To be sure, readers of the Washington Times would never have guessed that the people who put the sex-ed curriculum together were not 1960s free-love types, or that they were responding in good faith to the realities of contemporary adolescent life. But the Montgomery County dispute is just the latest in a long series of cases involving religion and the public schools in which elites failed to take conservative Christians seriously.

So where does the struggle over homosexuality in the schools stand at this point in time? Where to turn but the country’s newspaper of record—or perhaps not.

On June 9, 2005, the New York Times published a 1,350-word article by Michael Janofsky, “Gay Rights Battlefield Spread To Public Schools,” that begins, “Emboldened by the political right’s growing influence on public policy, opponents of school activities aimed at educating students about homosexuality or promoting acceptance of gay people are mounting challenges to such programs.”

The article backed up this view of the strategic positions of the forces on the battlefield by quoting James Esseks, director of the ACLU Lesbian and Gay Rights Project of the ACLU: “There are a bunch of people who very much want to remove from public discourse any mention of homosexuality.”

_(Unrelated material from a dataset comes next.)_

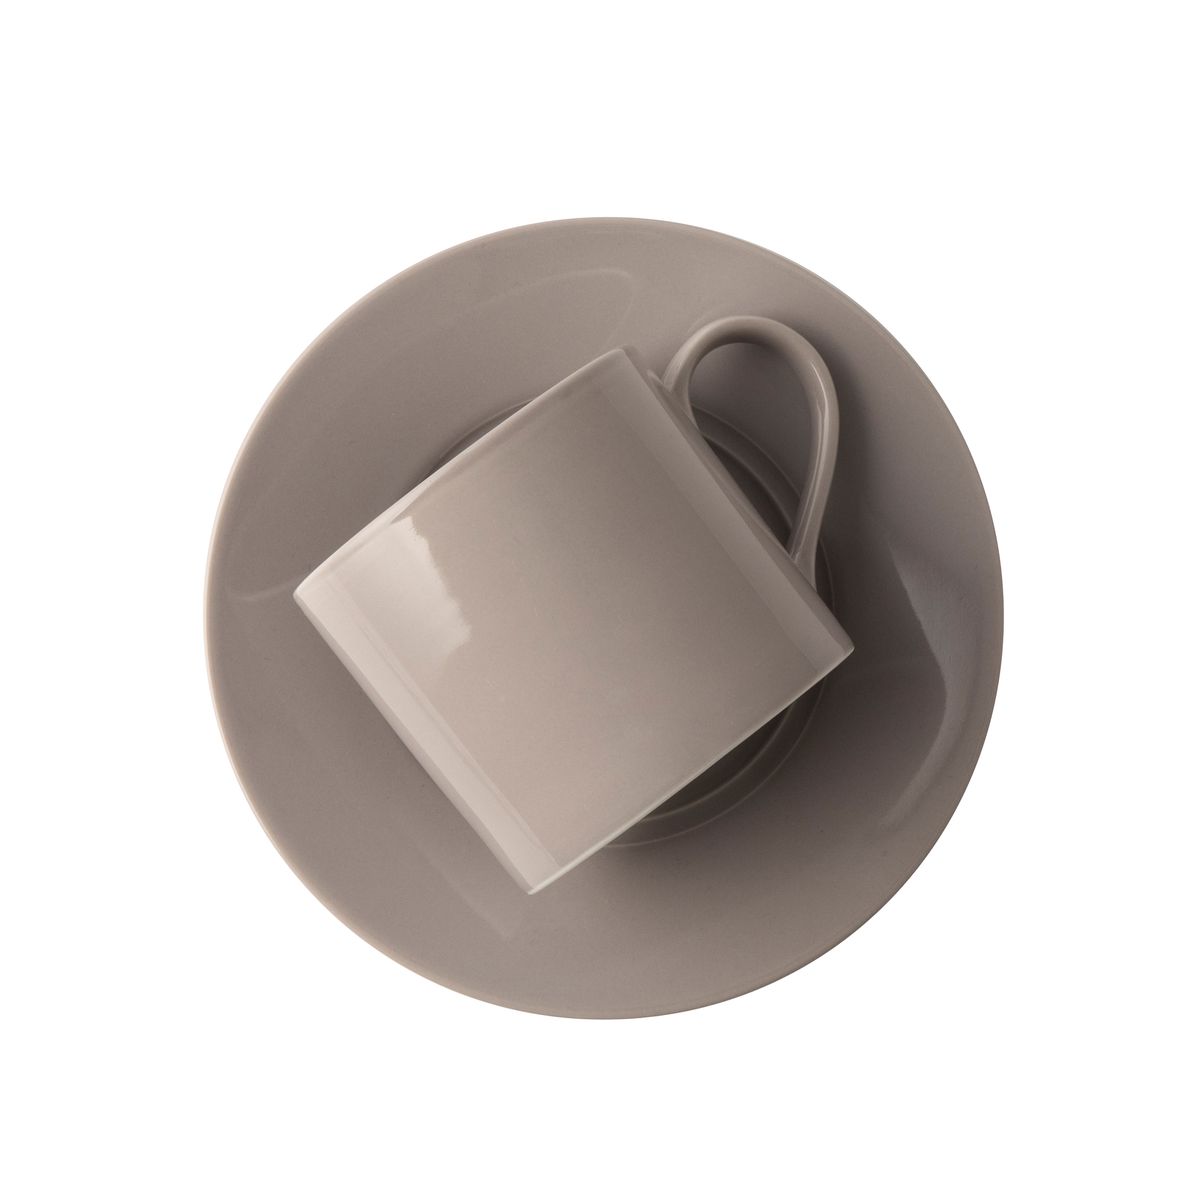 Omada Maxim Light Grey Cappuccino C&S 4pce Set in gift box

Discussing the Montgomery County case, Janofsky omitted any reference to the fact that the teaching materials endorsed some religious views and criticized others, and that a federal court had invalidated the program for that reason. Nor, in his report from the battlefield, was there any mention of tactical efforts on the “gay rights” side, such as at least two widely publicized disputes over students wearing anti-gay t-shirts to school that have ended up in court.

There is also a case in Kentucky in which students opposed to gay rights seek to be excused from “diversity training” classes (a claim that they will likely lose) and assert that they have been punished for expressing disagreement with the school’s point of view. Another involves a diversity day in Ann Arbor, Michigan, in which a panel designed to discuss religious views on homosexuality excluded, with the blessing of school officials, religious spokespersons who believe homosexuality is condemned by the Bible. (As in Montgomery County, a federal district judge held that favoritism toward “progressive” faiths unconstitutional.)

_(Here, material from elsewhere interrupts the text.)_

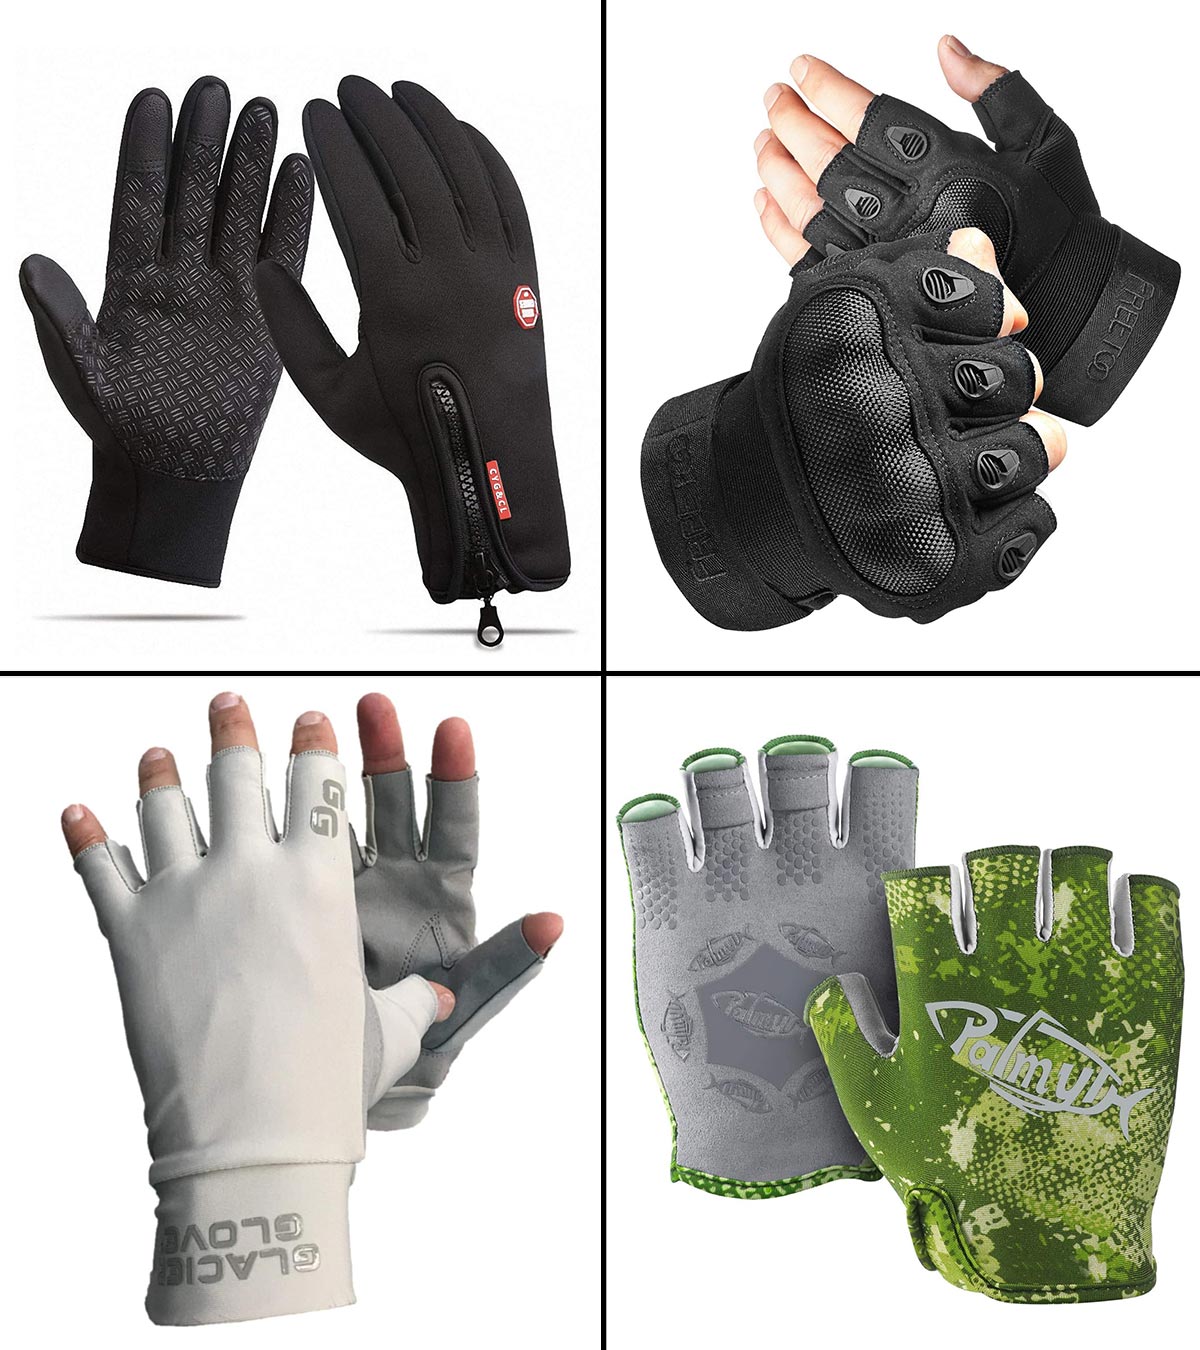 https://www.momjunction.com/wp-content/uploads/2020/07/13-Best-Hiking-Gloves-Of-2020-Banner.jpg

All of the above were the subject of news coverage and reported judicial opinions within six months of the publication of the Times article. They were surely known to some of the experts Janofsky quoted.

Evidently, the Times set out not to describe comprehensively school battles over gay rights but to document an assault by the “political (= religious) right” on enlightened public opinion. By publishing what amounted to an extended opinion piece, the Times only added to the suspicion among traditional Christians that it is biased against them. The real story is more interesting and complex, with blame enough to go around.